The PBA Tournament of Champions is one of the five major PBA (Professional Bowlers Association) bowling events. It is an invitational event and the only PBA Tour major that does not have any open field. All participants must meet qualifications to be invited.

History

The inaugural event, held by the PBA in 1962, featured all 25 PBA Tour title-holders to date, and was won by PBA Hall of Famer Joe Joseph, who had qualified for the tournament only four events prior. In 1965, the tournament featured all champions since the 1962 event, before officially becoming an annual event in 1966 (at that time featuring the most recent 48 tour champions).

From 1965 to 1993, Firestone Tire sponsored the Tournament of Champions. Since 1994, the Tournament of Champions has had a variety of sponsors, including General Tire, Brunswick, Dexter, H&R Block, Barbasol, Fire Lake Casino & Resort, and most recently Kia.
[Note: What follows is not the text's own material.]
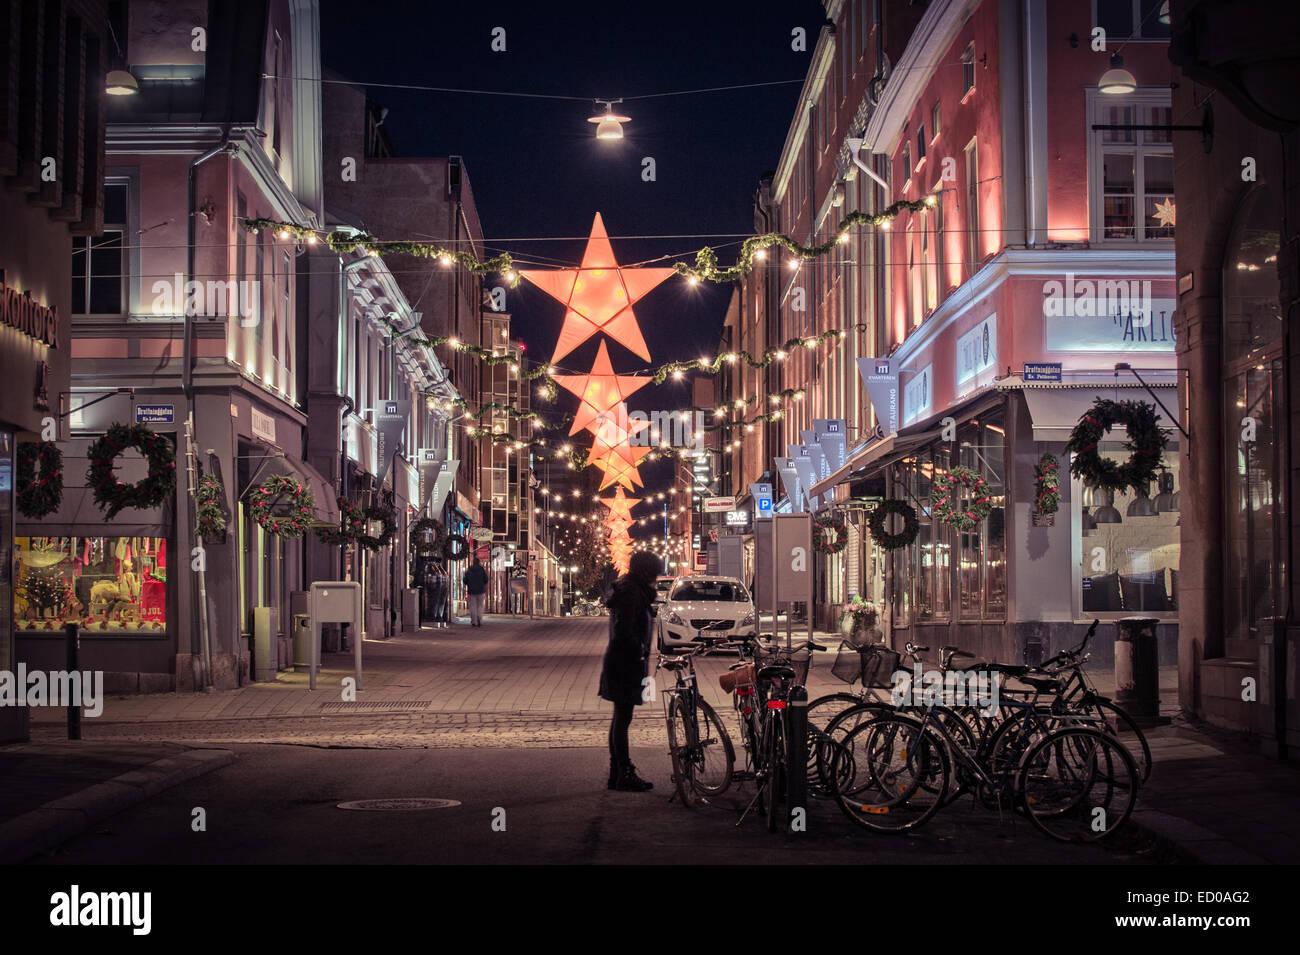 Le decorazioni di Natale nel centro della città di Norrkoping, Svezia. Immagini Stock

From 1965 until 1994, the tournament was contested at Riviera Lanes (now AMF Riviera Lanes) in Fairlawn, Ohio near the long-time Firestone World Headquarters in Akron, Ohio. From 2002 to 2007, the Tournament of Champions was contested in an arena setting at Mohegan Sun Arena, in Uncasville, Connecticut. The event was moved to Las Vegas, Nevada for the 2007–08 season, and was contested there through the 2011–12 season. The tournament returned to Riviera Lanes again in 2018.

The TOC is the only PBA major that is an "invitational" event. Prior to 2007–08, a bowler qualified for the Tournament of Champions by being one of the 32 most recent title winners on the regular PBA Tour.  The list was expanded in 2008 to include some past winners of the TOC itself, even if they were no longer in the Top 32 most recent PBA winners. The 2009–10 TOC saw its first-ever female competitor, as a spot in the 2010 tournament was given to Kelly Kulick, winner of the inaugural PBA Women's World Championship in 2009.  Kulick made sports history on January 24, 2010 as she defeated Mika Koivuniemi and Chris Barnes to become the first woman to win a title against men on the PBA Tour.

In 2011–12, the tournament allowed PBA Regional Tour winners for the first time, even if they had no titles on the PBA Tour, as long as they were PBA members at the time of their Regional title. These players participated in the initial "Champions" field qualifying to gain a spot in the "Elite" field. After 20 games of qualifying, a limited number of Champions field players earned entry into the Elite Field, which consisted of 54 bowlers total (a combination of past PBA Tour champions, top players in Champions field qualifying, plus the previous year's TOC champion). All Elite field players cashed a minimum of $2,500.  After 16 more games in the Cashers' Round, the Top 24 (based on 36 total games) made the round-robin match play.  The Top 4 match play qualifiers then made the live televised finals.  Payouts for the TV finals were $250,000 for first, $100,000 for second, $50,000 for third and $40,000 for fourth. (See also: PBA Bowling Tour: 2010–11 season.) This format was retained for the 2011–12 season, albeit with reduced prize money.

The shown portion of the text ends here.